Joseph Ruzynski
About Joseph Ruzynski
Joseph A. Ruzynski, 50, is Franklin Electric’s Chief Executive Officer (since July 1, 2024) and a director (since 2024). He holds a Bachelor’s in math and computer science from Saint John’s University and an MBA from the University of Minnesota, with prior leadership in industrial/electrical sectors at nVent and Pentair focused on growth and innovation . 2024 company performance under the compensation framework: net sales $2,021.3M (down 2% YoY), operating income $243.6M (down 7% YoY), diluted EPS $3.86 (down from $4.11), while gross margin improved to 35.5% (from 33.8%) . Annual bonus metrics achieved: working capital ratio attained 102% of target (29.9% vs 30.5%), adjusted EPS attained 88.5% of target ($3.92 vs $4.43) . Cumulative normalized EBITDA for the 2022–2024 PSU cycle reached $904.8M vs a $936.9M target (≈93.2% payout) . Total shareholder return index rose from 151 (2023) to 156 (2024) in the 5-year graph .
Past Roles
| Organization | Role | Years | Strategic impact |
|---|---|---|---|
| nVent Electric plc | President, Enclosures Segment | 2018–2024 | Led growth and innovation in electrical connection/protection; sector leadership experience |
| Pentair plc | Various leadership roles | Prior to 2018 | Built experience in water technology and segment leadership |
External Roles
| Organization | Role | Years | Committee roles / notes |
|---|---|---|---|
| Franklin Electric Co., Inc. | Director | 2024–present | Not compensated for director service; dual role as CEO; board term expires 2027 |
- Independence: Board deems the CEO (Ruzynski) not independent; independent directors meet regularly; Lead Independent Director is Jennifer L. Sherman .

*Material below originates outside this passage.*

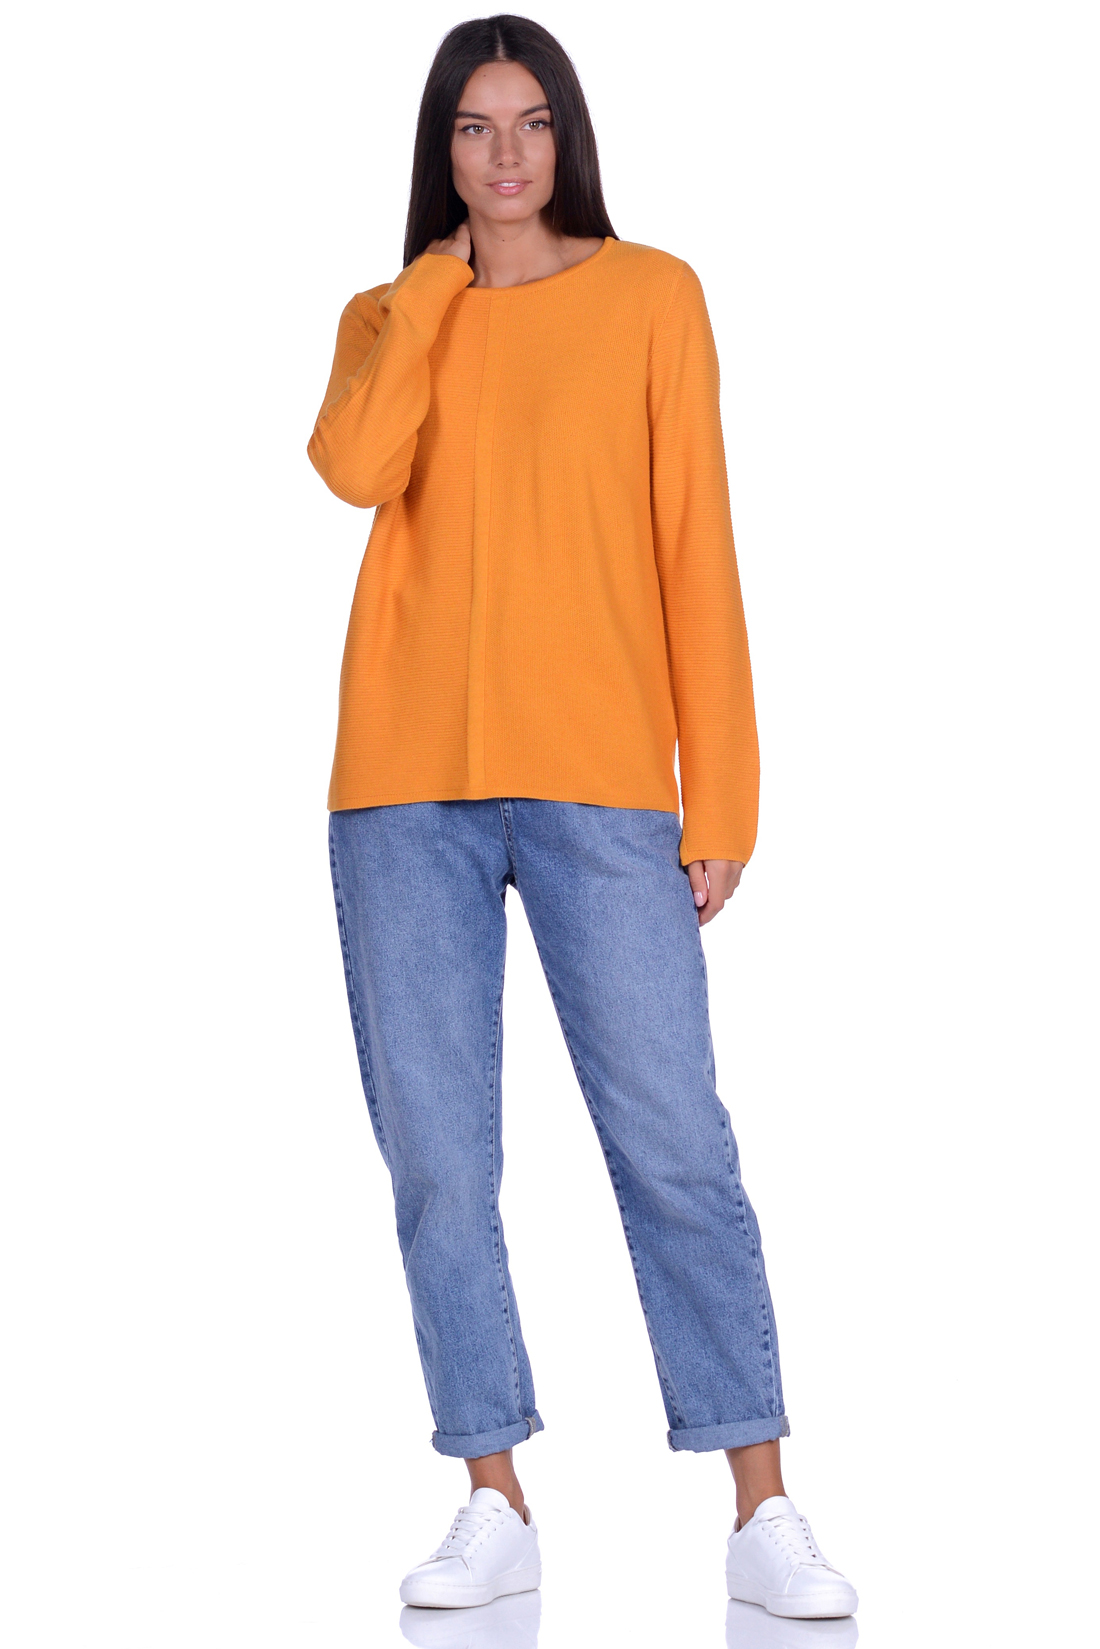 Джемпер (арт. baon B130603), размер XXL, цвет оранжевый Джемпер (арт. baon B130603) - фото 5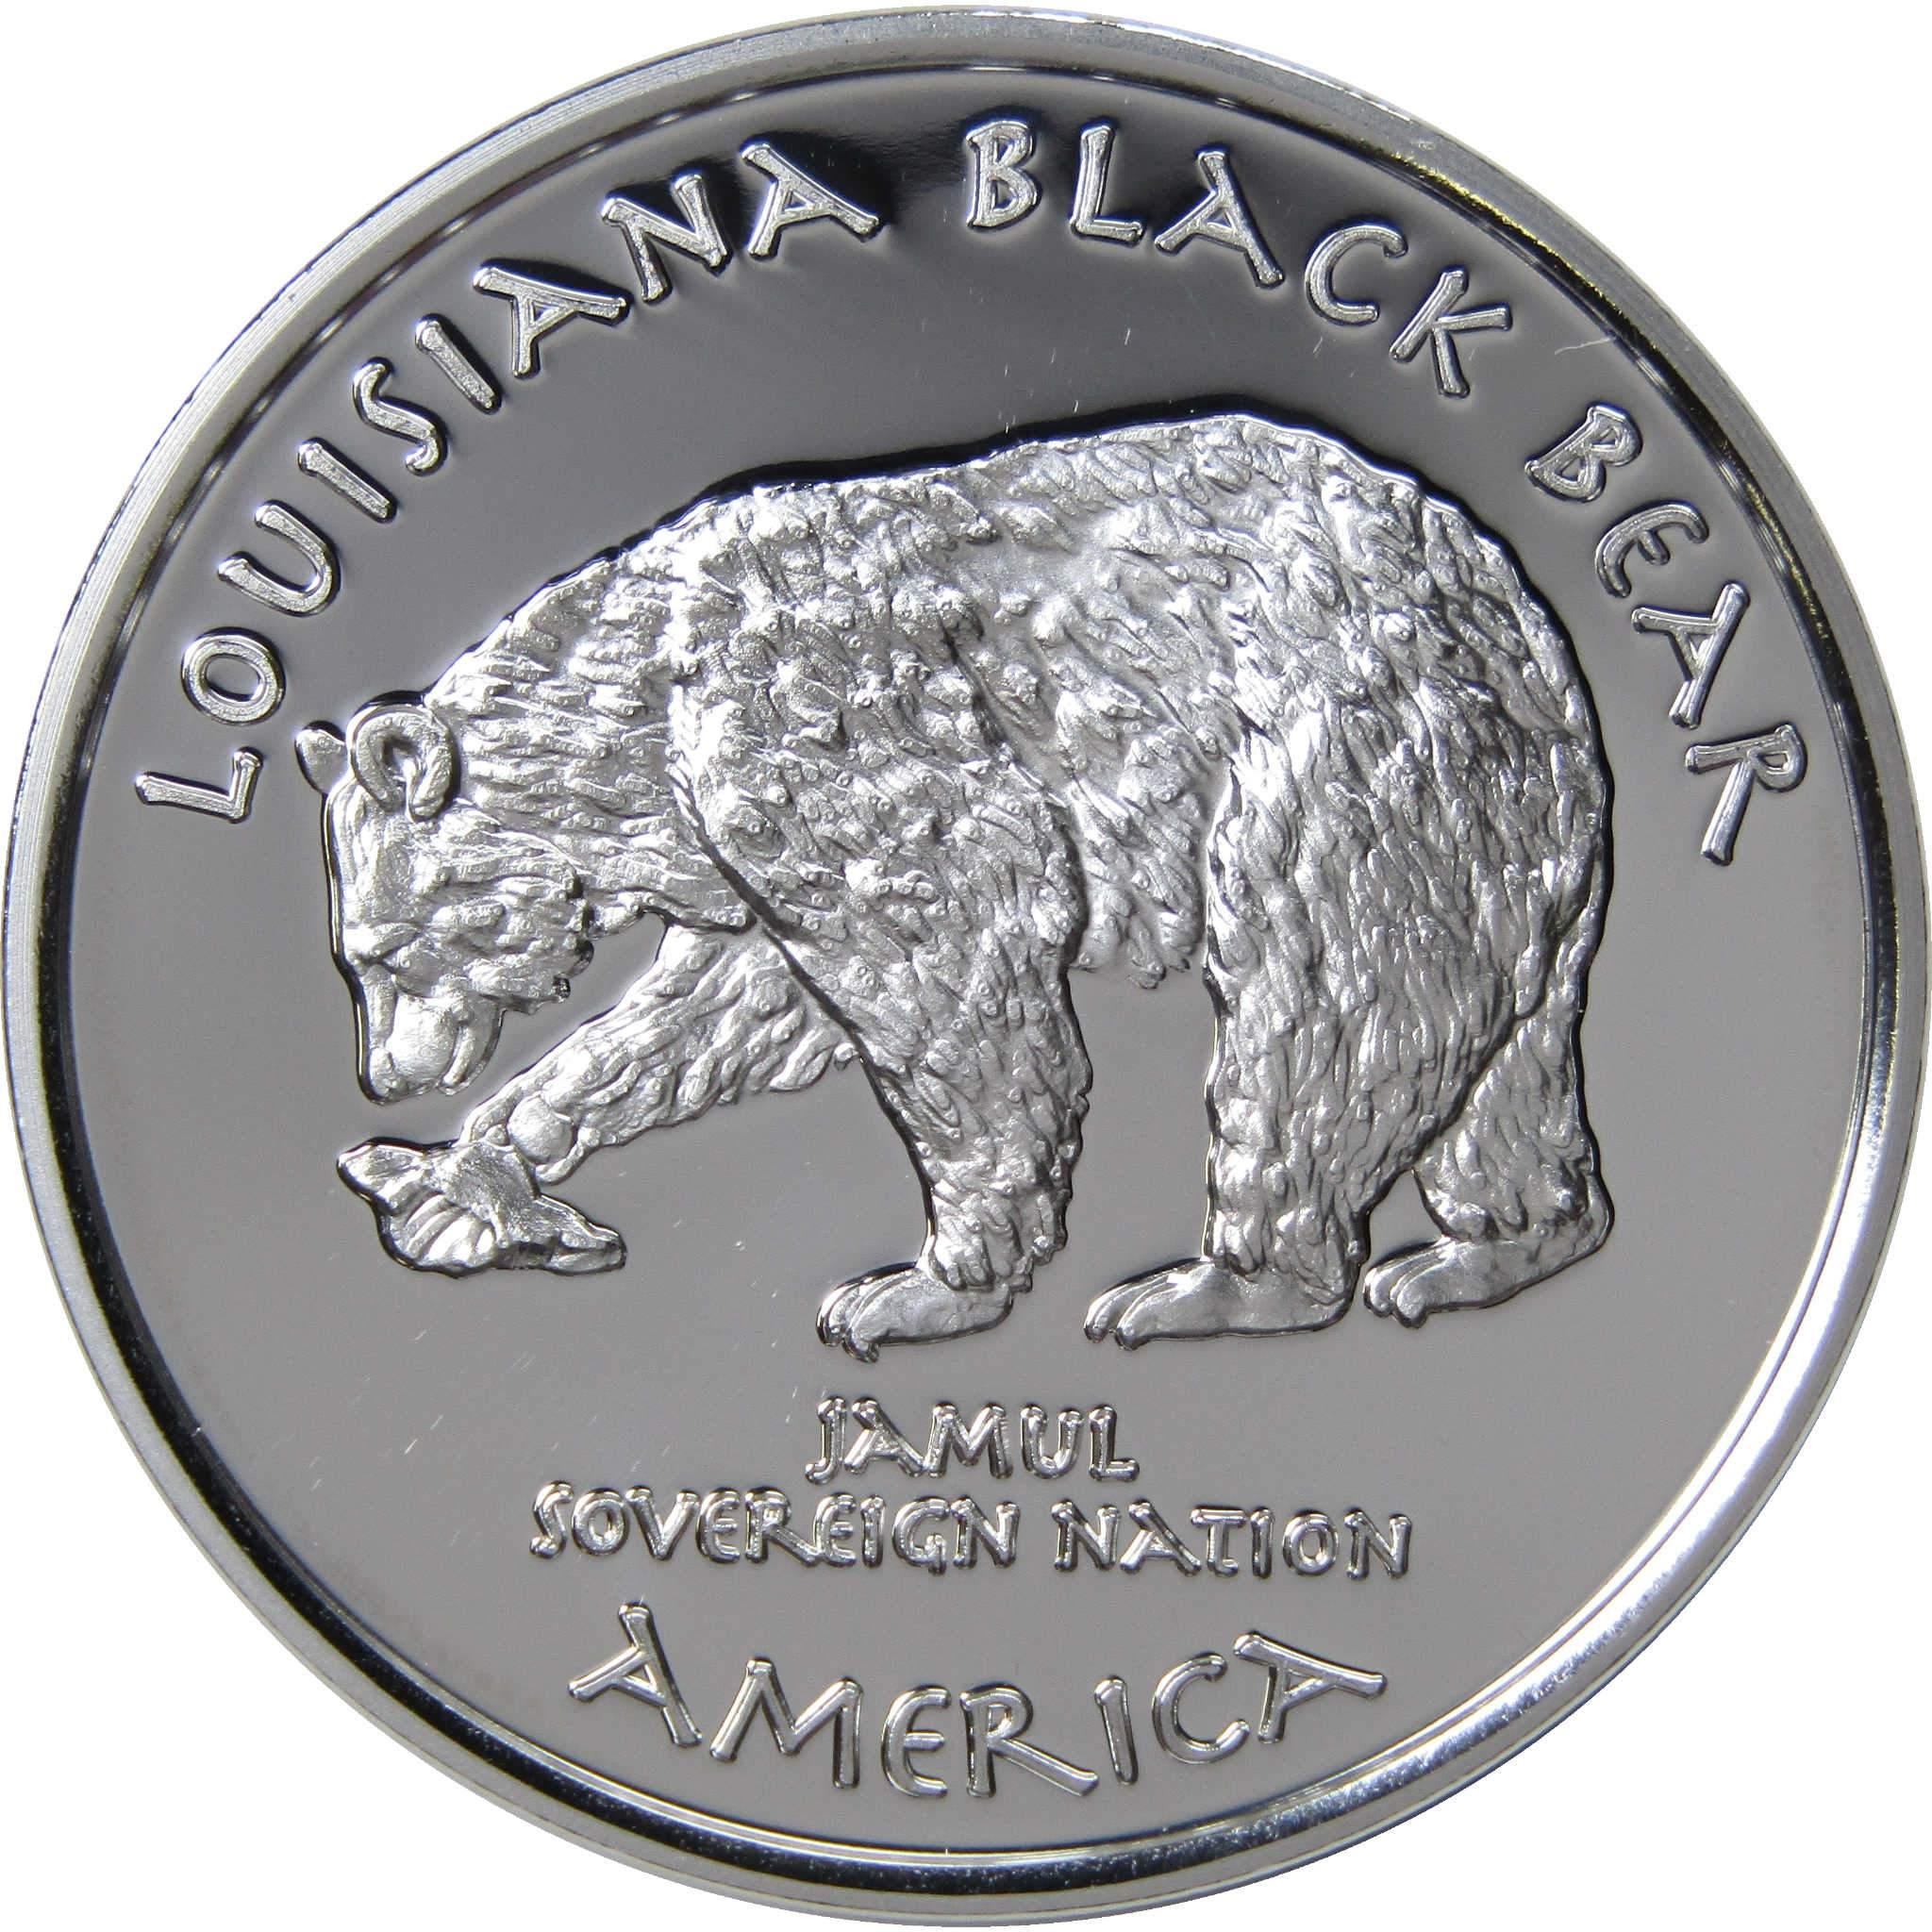 2017 Native American Jamul Natchez Black Bear 1 oz .999 Silver $1 Proof Coin

- Board activity: Board held 5 meetings in 2024; ≥80% attendance by each director; all directors attended the 2024 annual meeting .
Fixed Compensation
| Component | 2024 figure | Notes |
|---|---|---|
| Base salary | $900,000 | Paid pro-rata from July 1, 2024 start |
| Sign-on bonus | $250,000 | Subject to repayment if departure within 12 months |
| Target bonus % | 100% of base | Full-year target $900,000; pro-rata target $450,000 for 2024 |
| Actual bonus paid | $407,700 | Reflects 90.6% payout (see table below) |
Performance Compensation
Long-Term Incentive Grants (2024)
| Grant date | Award type | Quantity/Units | Grant-date fair value | Exercise price | Vesting | Expiration |
|---|---|---|---|---|---|---|
| 7/1/2024 | Restricted stock | 13,967 sh | $1,312,479 | — | 100% on 7/1/2027 (accelerated on CIC; pro-rata on death/disability/retirement) | |
| 7/1/2024 | Performance share units (target) | 27,935 units | $2,625,052 | — | Earned based on 2024–2026 normalized EBITDA vs S&P 600 Industrials; 0–200% payout; vest at period end | |
| 7/1/2024 | Stock options | 38,798 sh | $1,312,536 | $93.97 | 33% per year over 3 years; accelerated on CIC/death/disability/retirement | 7/1/2034 |
- Annualized targeted LTI value for CEO: $2,500,000 (offer letter equity award estimated target total value $5,250,000) .
Annual Bonus Metrics (2024)
| Metric | Weight | Threshold | Target | Maximum | Actual | Payout (% of target) |
|---|---|---|---|---|---|---|
| Consolidated Working Capital Ratio | 50% | 36.6% | 30.5% | 27.5% | 29.9% | 102.0% |
| Adjusted EPS ($) | 50% | $3.54 | $4.43 | $4.87 | $3.92 | 88.5% |
| Total payout | — | — | — | — | — | 90.6% (CEO) |
- PSU performance framework (2024 awards): 0% below 75% of target; 50% at threshold (75%); 100% at target (100%); 200% at 125%+ .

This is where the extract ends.